Danny enlarged the screen and peered closer. Lip-reading was one of his many skills. ‘She’s asking questions in English. Where does he spend his time? All over the place, he says. Mainly Moscow, these days, but he travels a lot in Europe. He’s … expecting to spend a few weeks on his father’s yacht. Paying homage, he jokes …
‘She doesn’t seem to know whether to laugh. Where is his favourite place? Zermatt. He loves skiing. She loves skiing, too. She once spent a winter in … somewhere … didn’t catch it … Oh, Cortina. She also loves Venice. But for the fucking, not the skiing. She asks … Oh, okay, what would he like to do to her? He can do anything. Anything he likes. He’s not answering. He seems shy, she says, but she likes to make sure her clients have lived out their most extreme fantasies, so she’s happy to do anything he wants. She’s—’
‘We can see what she’s doing, Danny,’ Kate said.
‘She’s asking if he’d like some Viagra. She has her own supply. He says, yes, that would be good.’
‘So would being heterosexual, maybe,’ Rav said.
‘It makes it harder, longer, better, she says. Her English is a bit stilted. I can’t quite make … Well, she’s trying to arouse him, whispering something …’
‘Is his wife still aboard?’ Julie asked.
‘Yes,’ Kate said. ‘But Igor makes it very clear that fucking hookers regularly is a fundamental duty of manhood, and a prerequisite for membership of the Mafia class. He thinks his son and daughter-in-law are dangerously Westernized already, so this is his way of reminding them of the chauvinistic imperatives of Russian power politics. Mikhail won’t dare to refuse. Katya won’t dare to object.’
The hooker led the apparently unwilling Mikhail inside. The three men on the upper deck had also vanished.
‘You should go to bed,’ Rav told Kate. ‘This could take days.’
‘With those guys on board? Are you kidding? They’re here for a reason.’
They heard the door to the boardroom open and close, then voices. They listened in silence. Even with the level of technical wizardry the Service could deploy, the microphone’s performance had been heavily compromised by its size, so the conversation came and went. To begin with, they seemed to be talking about Moscow
Centre’s internal politics.
‘Who is Kyril?’ Kate whispered.
‘Not sure,’ Rav muttered. ‘GRU, maybe.’ Moscow’s military intelligence arm had a substantial foreign operation of its own. The tension between the two organizations was notorious.
Igor was talking now. He offered the men cigars and disappeared to the far end of the room, frustratingly out of earshot for a minute or more.
When he came back, Vasily, whose voice was familiar to them all, said, ‘Now is our moment.’ He was speaking in Russian, which all of Kate’s team spoke fluently. They leant closer to the speaker on the desk.
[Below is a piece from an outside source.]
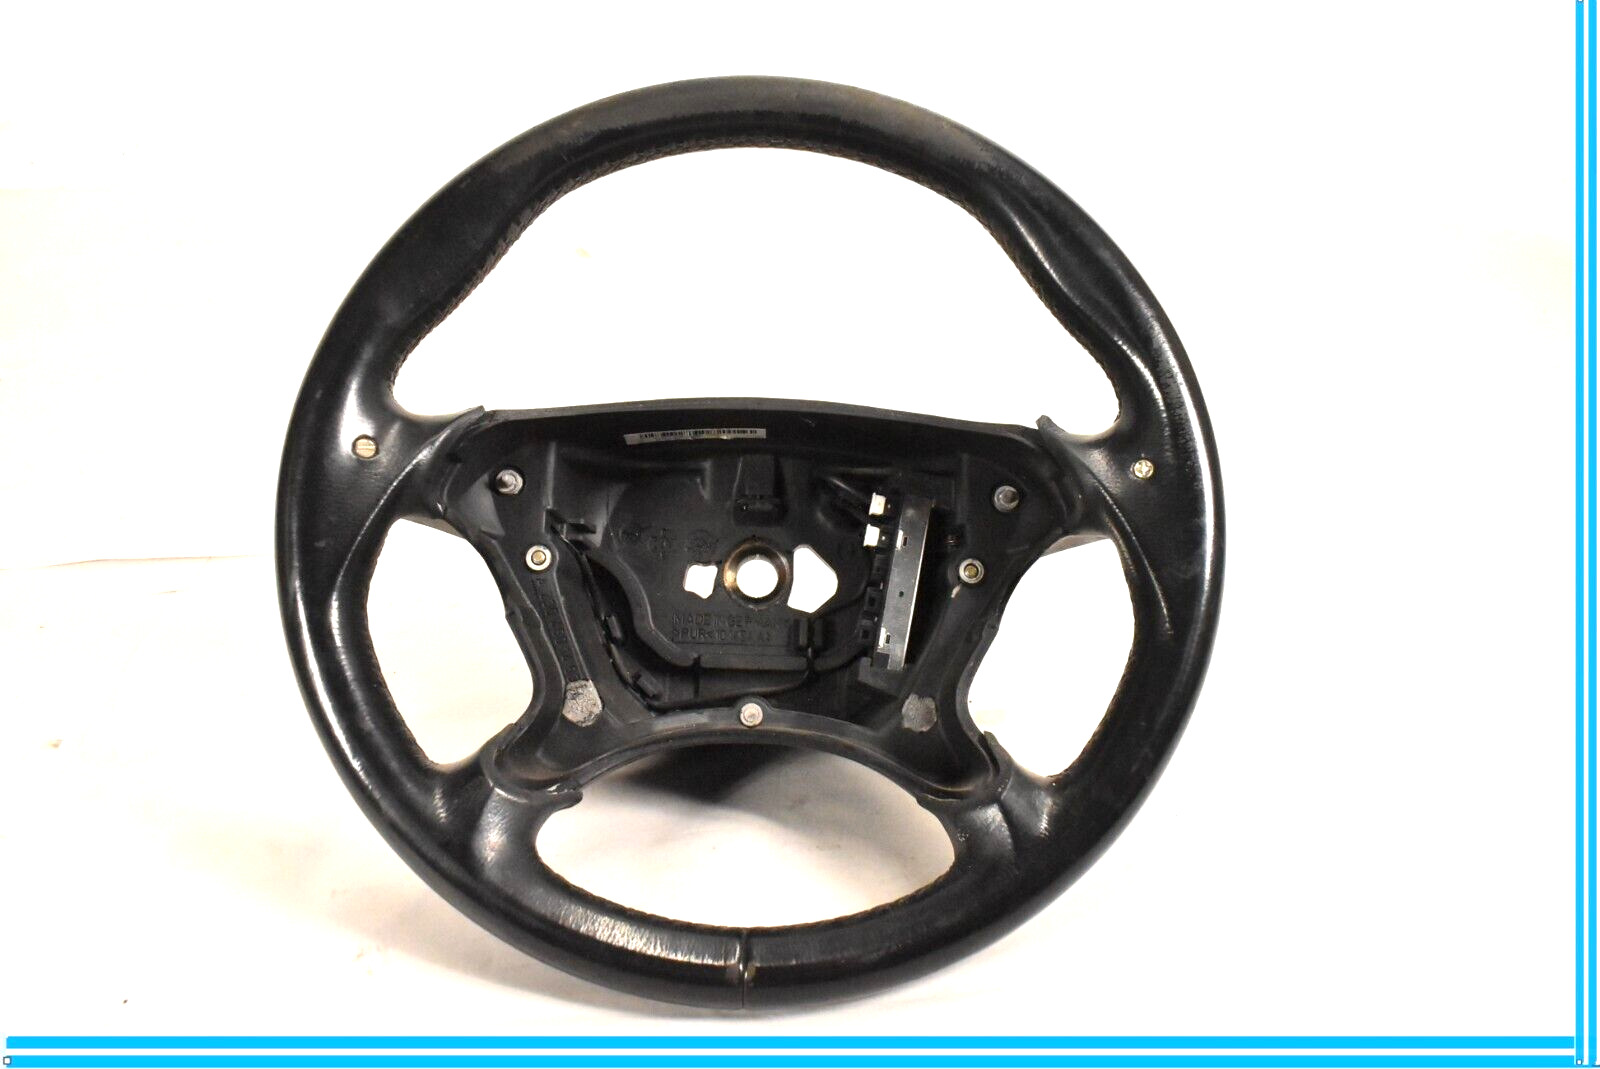 03-06 Mercedes CLK500 CLK55 AMG W209 Steering Wheel Black Leather 2194600103 Oem

‘What makes you so sure?’ Igor asked.
‘The Prime Minister has prostate cancer. He will resign this week.’
They could hear Igor lighting the cigars. ‘Who stands in our way?’
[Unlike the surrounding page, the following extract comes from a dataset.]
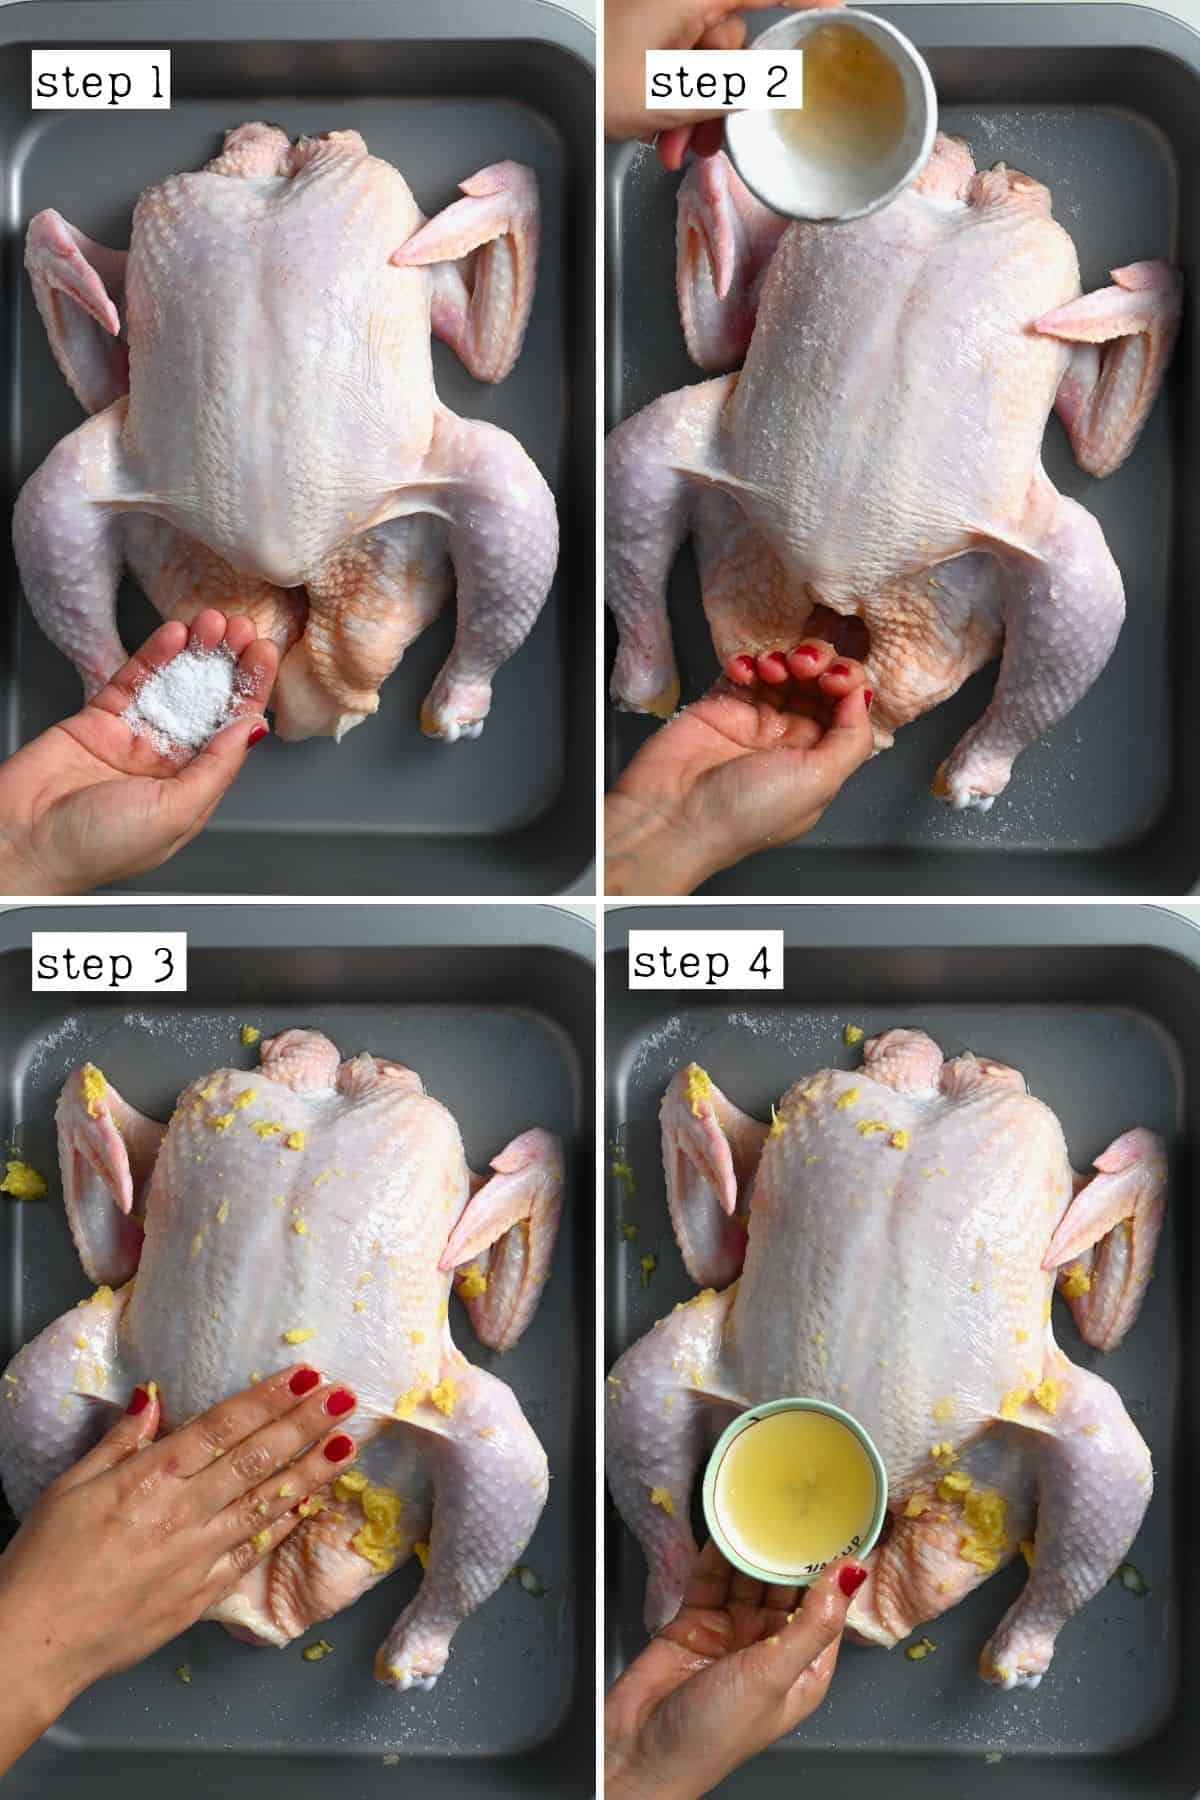 Steps for preparing chicken for roasting

‘The woman in Education, perhaps. But there will be other candidates, of course.’
‘Viper can help.’
‘Yes. We will have to wait and see. But we won’t need to for long. Viper says—’
Somebody must have moved a chair or table, because there was a screech that had them all covering their ears and the voices became much fainter. Danny tried to work his magic with the dials, but to no avail.
‘Fuck,’ Kate said. She leant further forward. ‘Turn it up.’
Danny kept trying. ‘I think it’s been damaged. This is maximum volume.’
They leant even closer, but hearing anything was next to impossible.
‘It’s on record,’ he said. ‘I’ll see what I can get with some enhancement.’
Kate moved to the window. Rav and Julie lit up. Rav offered Kate his cigarette and she took a few puffs. ‘If the PM was sick,’ Julie said, ‘wouldn’t we know?’
‘I’ve not heard a whisper,’ Rav said.
‘But let’s assume for a moment they know something we don’t,’ Kate said. ‘They were implying they would have a dog in any leadership fight. So who’s their guy?’
‘How do we know it’s a guy?’ Julie said.